Yes it's about time we make too_many_loose_objects() more accurate and
complain less, especially when the complaint is useless.

> I thought I'd just add that, but the details of how to pass that message
> around get nasty. With that solution we *also* don't want git gc to
> start churning in the background once we reach >6700 objects, so we need
> something like gc.logExpiry which defers the gc until the next day. We
> might need to create .git/gc-waitabit.marker, ew.

Hmm.. could we save the info from the last run to help the next one?
If the last gc --auto (which does try to remove some loose objects)
leaves 6700 objects still loose, then it's "clear" that the next run
may also leave those loose. If we save that number somewhere (gc.log
too?) too_many_loose_objects() can read back and subtract it from the
estimation and may decide not to do gc at all since the number of
loose-and-prunable objects is below threshold.

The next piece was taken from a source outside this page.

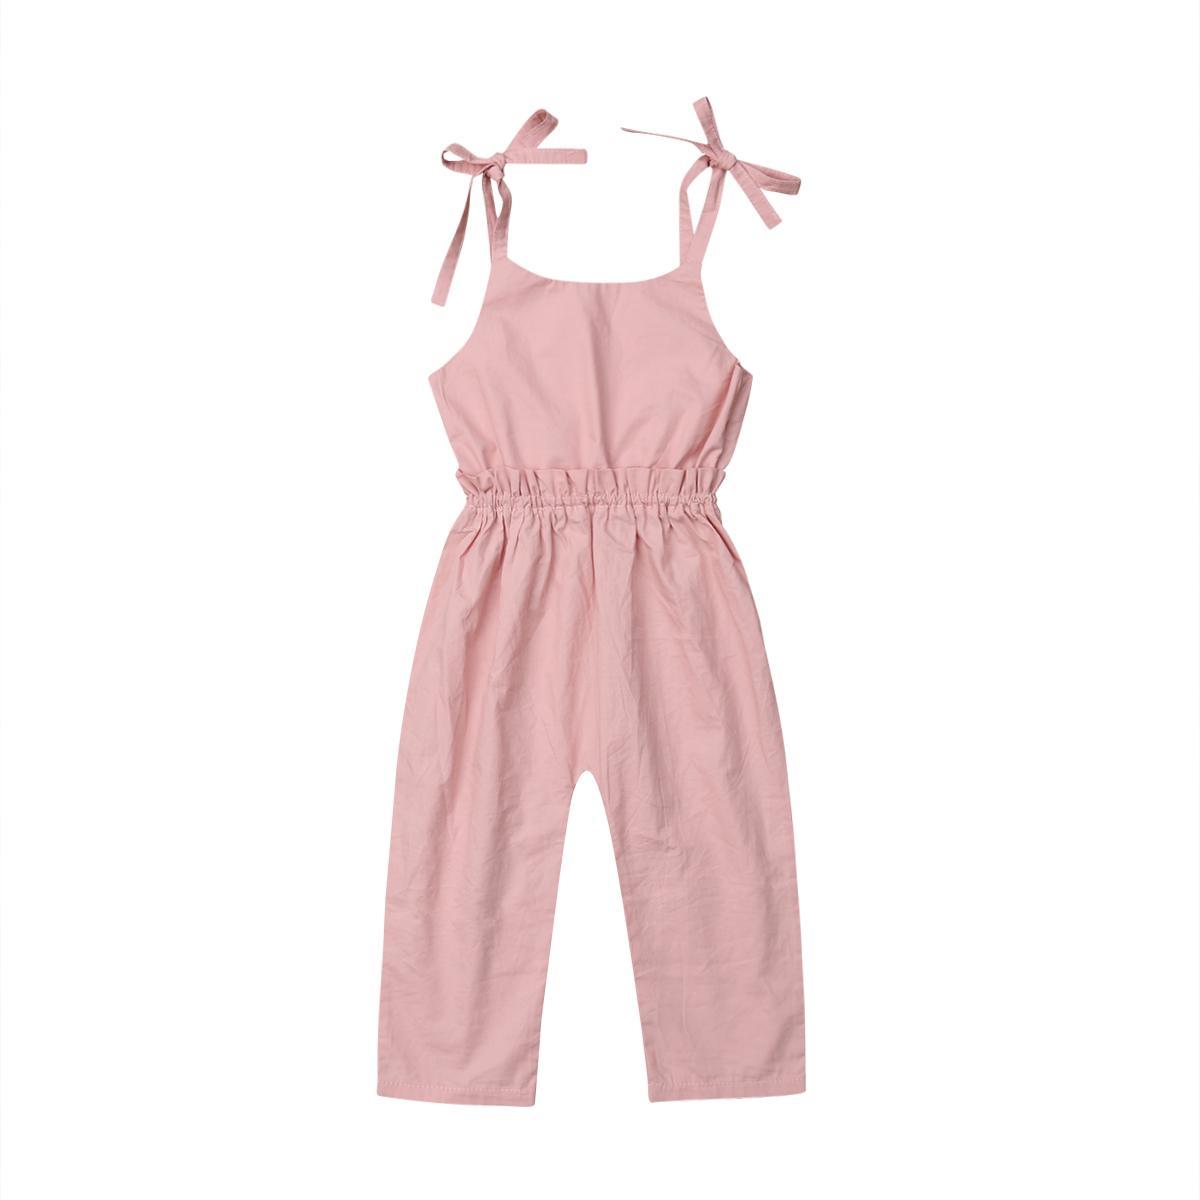 Neugeborene Kleinkind-Baby-Sommer-Backless Bügel-Rüschen Spielanzug-Overall Playsuit Baumwollbeiläufiges Baby-Kleidung 0-4Y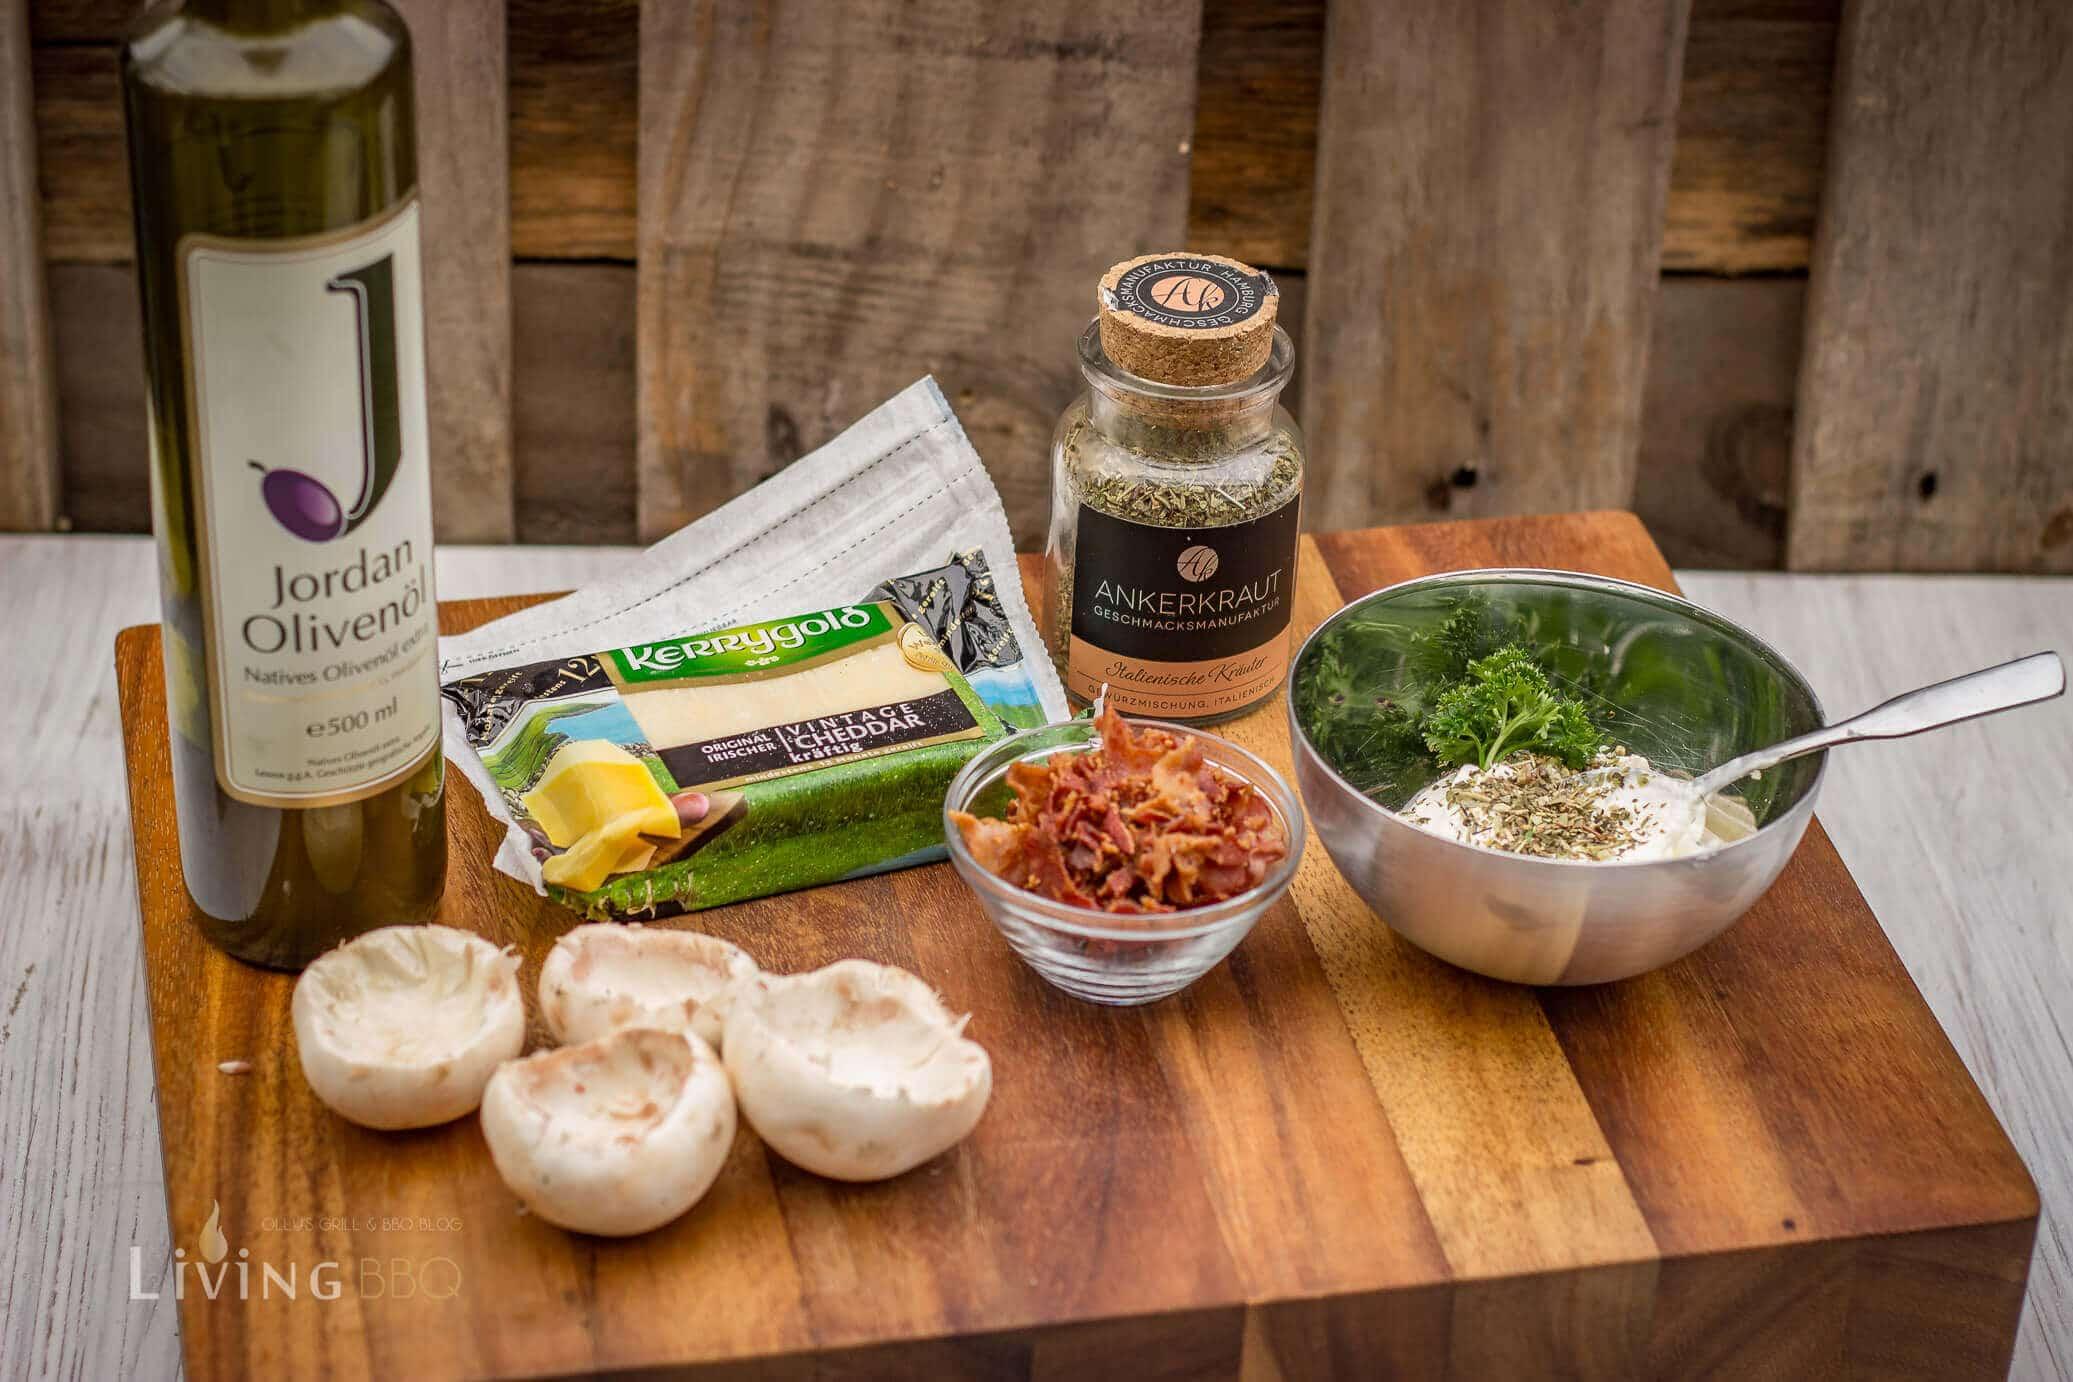 gefüllte Champignons vom Grill gefüllte champignons_Gefu  llte Champignons 3 von 9

The problem is of course these 6700 will gradually become prunable
over time. We can't just substract the same constant forever. Perhaps
we can do something based on gc.pruneExpire?

Say gc.pruneExpires specifies to keep objects in two weeks, we assume
these object create time is spread out equally over 14 days. So after
one day, 6700/14 objects are supposed to be prune-able and part of
too_many_loose_objects estimation. The gc--auto that is run two weeks
since the first run would count all loose objects as prunable again.

> More generally, these hard limits seem contrary to what the user cares
> about. E.g. I suspect that most of these loose objects come from
> branches since deleted in upstream, whose objects could have a different
> retention policy.

Er.. what retention policy? I think gc.pruneExpire is the only thing
that can keep loose objects around?

BTW

> But now I have git-gc on some servers yelling at users on every pull
> command:
>
>    warning: There are too many unreachable loose objects; run 'git prune'=
 to remove them.

Why do we yell at the users when some maintenance thing is supposed to
be done on the server side? If this is the case, should gc have some
way to yell at the admin instead?
--=20
Duy